Anyone interested in DatenLord is welcomed to contribute.

Please follow the code style. Meanwhile, DatenLord adopts very strict clippy linting, please fix every clippy warning before submit your PR. Also please make sure all CI tests are passed.

The CI of DatenLord leverages GitHub Action. There are two CI flows for DatenLord, One is for Rust cargo test, clippy lints, and standard filesystem E2E checks; The other is for CSI related tests, such as CSI sanity test and CSI E2E test.
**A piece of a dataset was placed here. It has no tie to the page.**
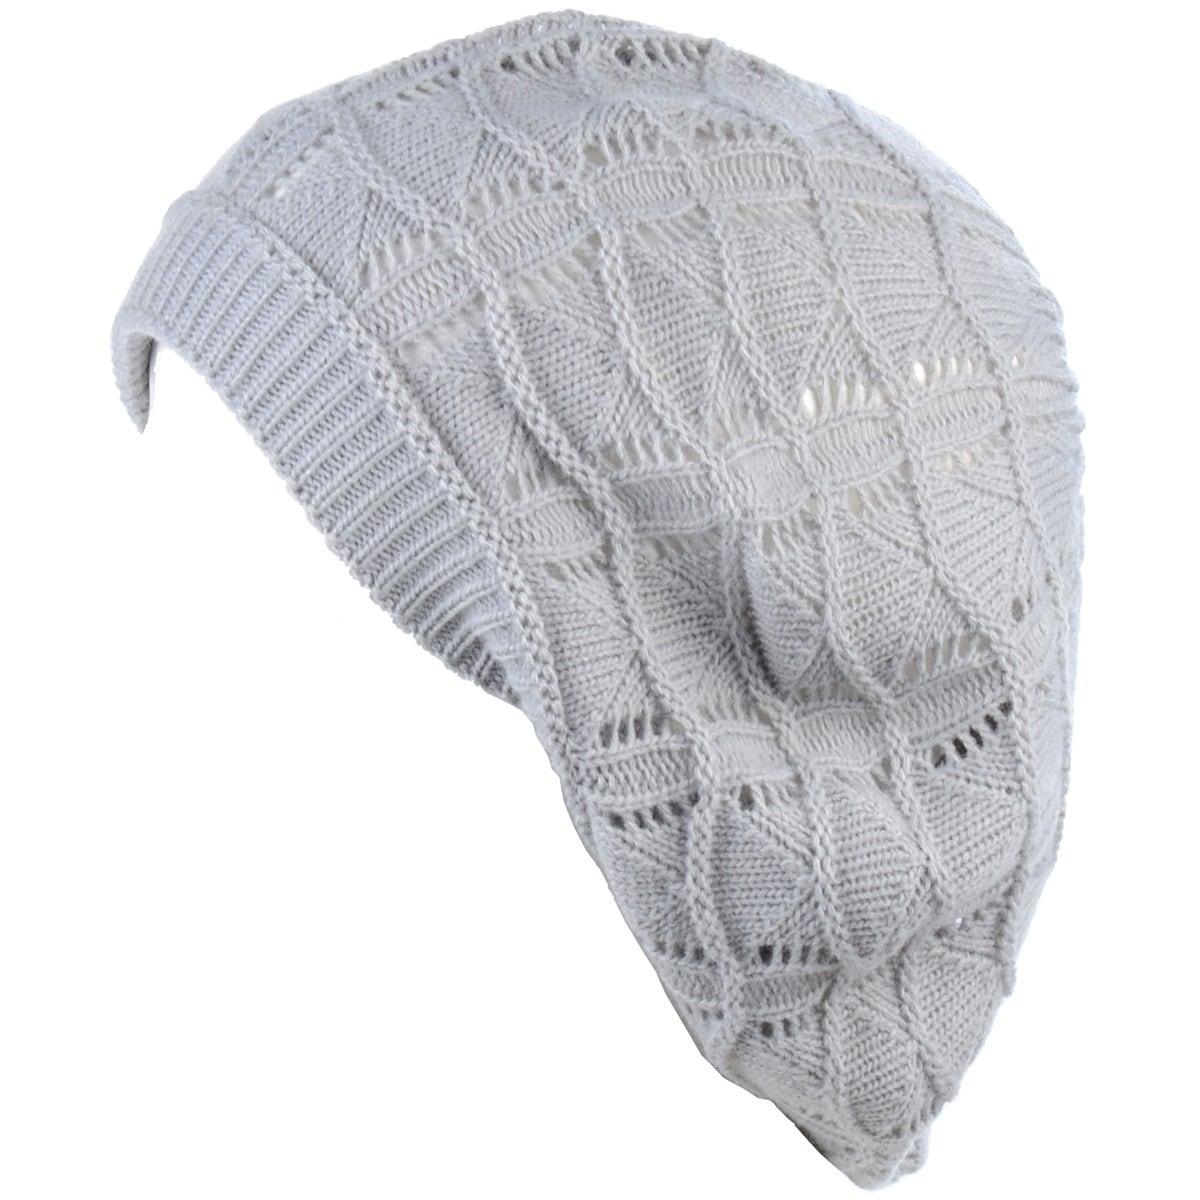 47aa4a351 BYOS Chic Soft Knit Airy Cutout Lightweight Slouchy Crochet Beret Beanie Hat

The CSI E2E test setup is a bit complex, its action script cron.yml is quite long, so let's explain it in detail:

• First, it sets up a test K8S cluster with one master node and three slave nodes, using Kubernetes in Docker (KinD);

• Second, CSI E2E test requires no-password SSH login to each K8S slave node, since it might run some commands to prepare test environment or verify test result, so it has to setup SSH key to each Docker container of KinD slave nodes;

• Third, it builds DatenLord container images and loads to KinD, which is a caveat of KinD, in that KinD puts K8S nodes inside Docker containers, thus kubelet cannot reach any resource of local host, and KinD provides load operation to make the container images from local host visible to kubelet;

• At last, it deploys DatenLord to the test K8S cluster, then downloads pre-build K8S E2E binary, runs in parallel by involking ginkgo -p, and only selects External.Storage related CSI E2E testcases to run.
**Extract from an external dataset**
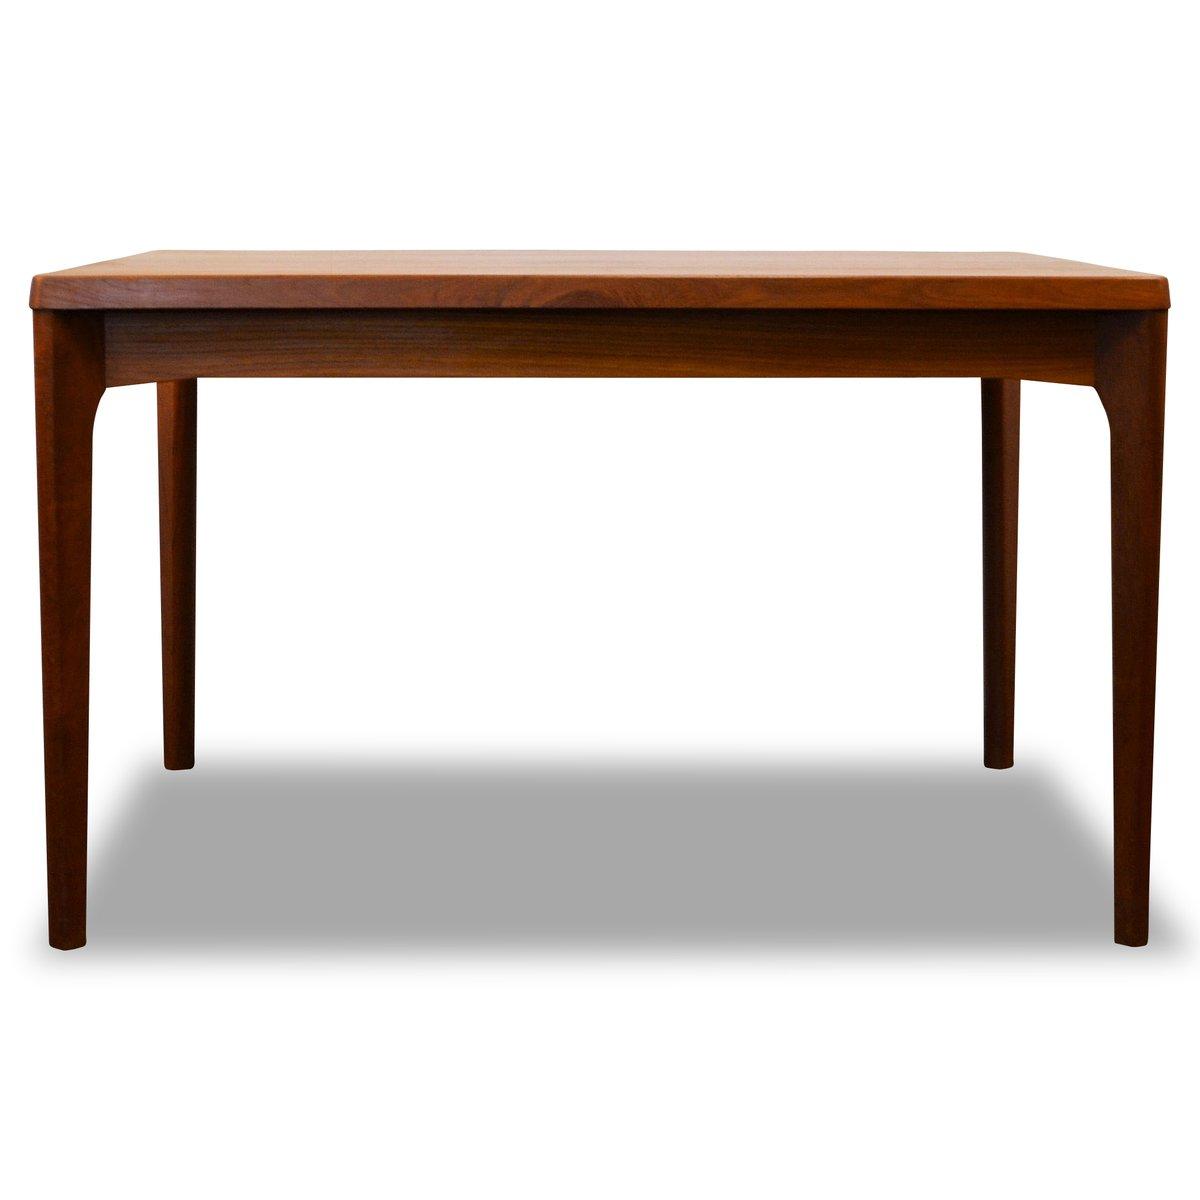 Danish Teak Extendable Dining Table by Henning Kjaernulf  : danish teak extendable dining table by henning kjaernulf for vejle stole mobelfabrik 1960s 14 from www.pamono.co.uk size 1200 x 1200 jpeg 40kB

DatenLord has several related sub-projects, mostly working in progress, listed alphabetically:

• async-fuse Native async Rust library for FUSE;
• async-rdma Async and safe Rust library for RDMA;
• etcd-client Async etcd client SDK in Rust;
• lockfree-cuckoohash Lock-free hashmap in Rust;
• LordOS Pure containerized Linux distribution;
• ring-io Async and safe Rust library for io_uring;
• s3-server S3 server in Rust.

• 0.1 Refactor async fuse lib to provide clear async APIs, which is used by the datenlord filesystem.
• 0.2 Support all Fuse APIs in the datenlord fs.
• 0.3 Make fuse lib fully asynchronous. Switch async fuse lib's device communication channel from blocking I/O to io_uring.
• 0.4 Complete K8S integration test.
• 0.5 Support RDMA.
• 1.0 Complete Tensorflow K8S integration and finish performance comparison with raw fs.